In-situ barium sulphate precipitation was observed during coreflooding experiments conducted at frontal velocities of 0.31 m/day in fired Berea sandstone cores. The precipitate was observed during a laboratory study on the transport of sulphate ions contained within the injection water that displaced a synthetic formation water containing barium ions. Two separate cores were 100% saturated with formation water similar to that of a West African offshore reservoir (240 ppm barium and 230 ppm strontium) and were respectively flooded with synthetic seawater containing 2860 ppm sulphate and synthetic low-sulphate (desulphated) seawater containing 36 ppm sulphate. Careful measurement and comparison of flood effluent profiles of precipitating and non-precipitating ionic species such as sulphate, barium, strontium, etc. indicates that barium sulphate precipitated in situ during the flooding experiments. In the case of the seawater flood, approximately 27% of the barium that was contained in the formation water resident in the core was precipitated. In the case of the low sulphate seawater flood where the propensity for barium sulphate precipitation was low, results were less dramatic and determination of the exact amount of precipitated barium sulphate was less certain, e.g., approximately 10% of the barium was precipitated. Temperature and pressure conditions for these coreflooding experiments were ambient temperature (~70°F) and atmospheric pressure. The Berea cores utilized were 5.08 cm in diameter, 15.2 cm long, and averaged 112 md permeability and 17.5% porosity.

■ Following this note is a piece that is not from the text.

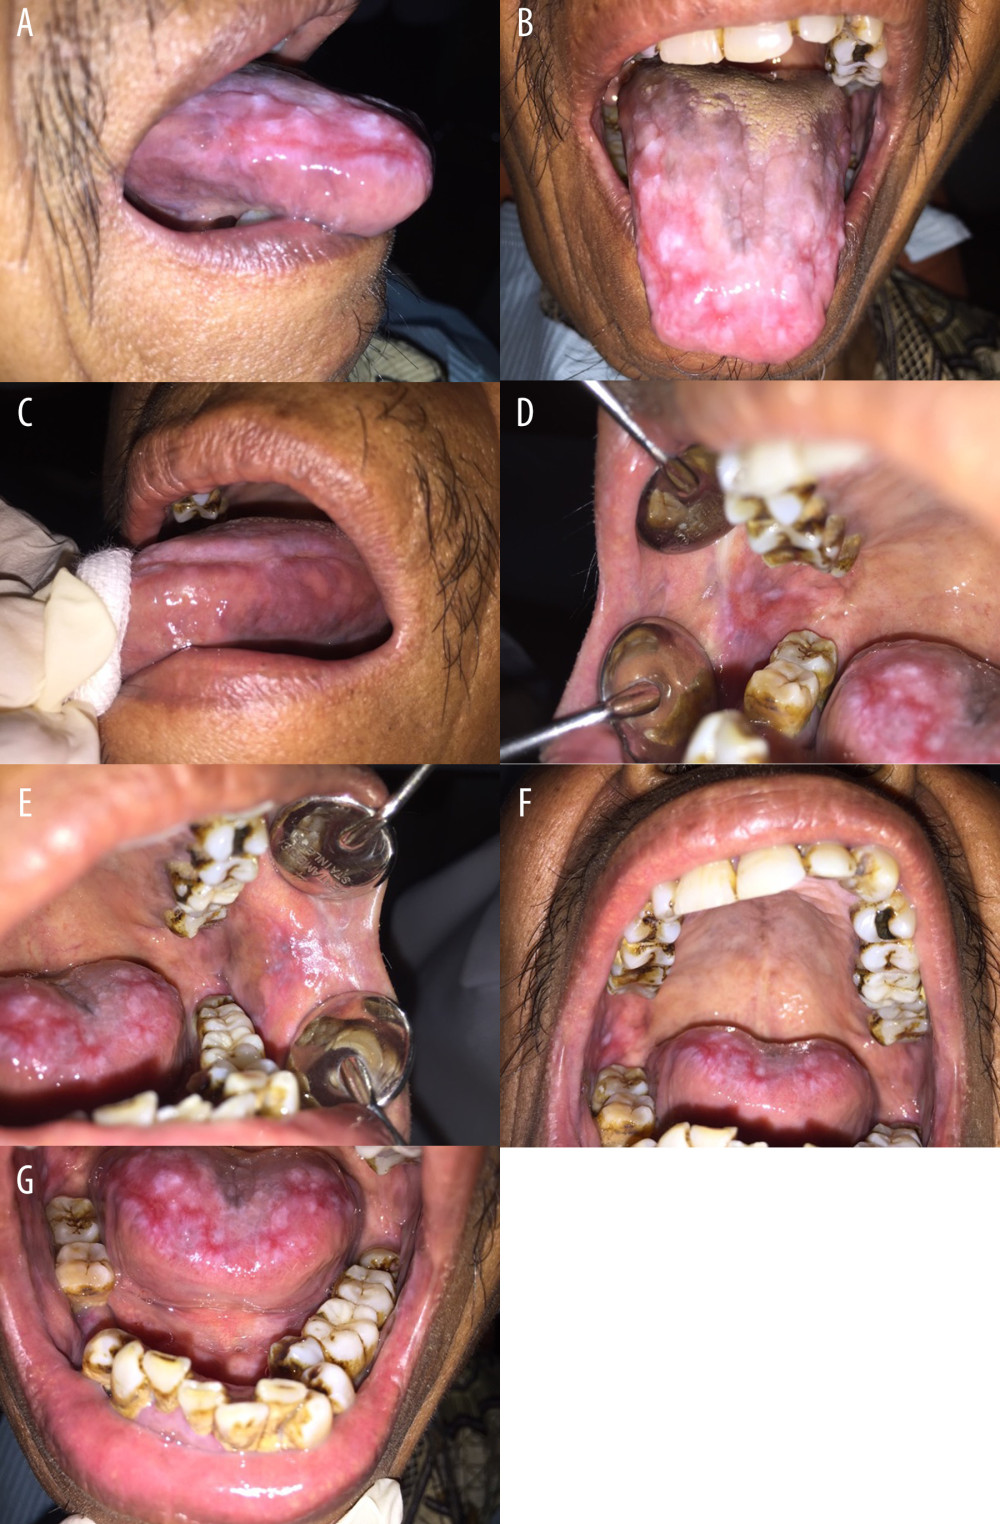 Clinical findings from the first visit. Erosion and erythematous areas surrounded by Wickham’s striae were found on the dorsal and lateral of the tongue and buccal mucosa (A–E). We also found that the dorsal anterior of the tongue was depapillated and stiff on palpation (A–C). Thick plaque, calculus, and stains were visible on the upper and lower teeth (F, G).

Results of this coreflooding study indicate that in-situ precipitation of barium sulphate occurs while even low-sulphate seawater is flooded through core material that is saturated with a formation water containing barium. During reservoir-scale flooding with low sulphate seawater, a favorable consequence of the barium sulphate precipitation is that the sulphate scaling potential is substantially reduced at the producing wells. This work represents a first step in generating experimental data that can be input into a mathematical simulator for predicting the propagation rate and the breakthrough time, under reservoir conditions, of the sulphate ions of the injection water -- both for low and high sulphate content injection waters.